══ Input data
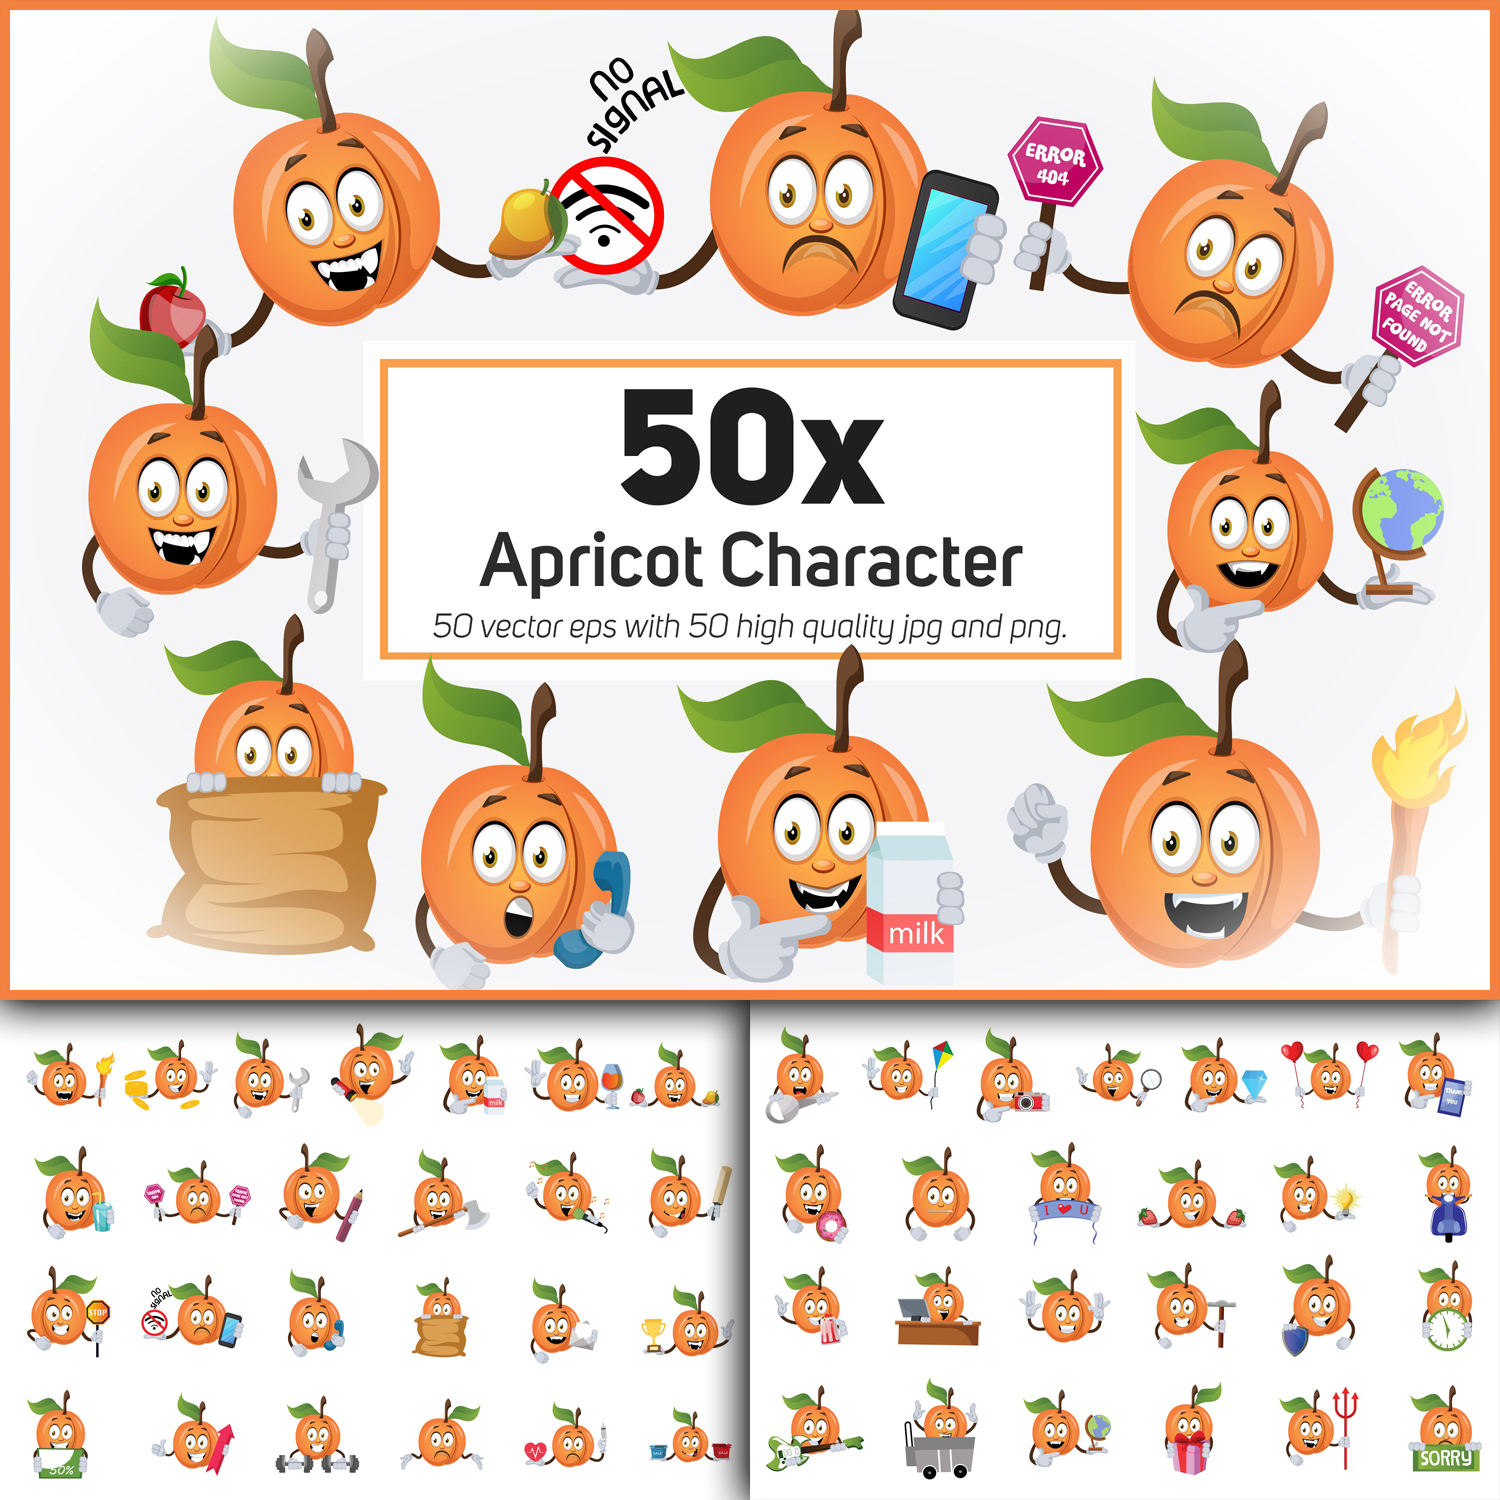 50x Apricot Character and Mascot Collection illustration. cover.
════
══ Input data
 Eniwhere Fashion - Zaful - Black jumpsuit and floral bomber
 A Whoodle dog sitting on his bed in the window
════
→ **Work instructions**: Look above for the line with "Eniwhere Fashion - Zaful"; retype exactly that line, every line after it up to the line with "A Whoodle dog", and that line too, nothing else.

→ **Answer below**:
 Eniwhere Fashion - Zaful - Black jumpsuit and floral bomber
 A Whoodle dog sitting on his bed in the window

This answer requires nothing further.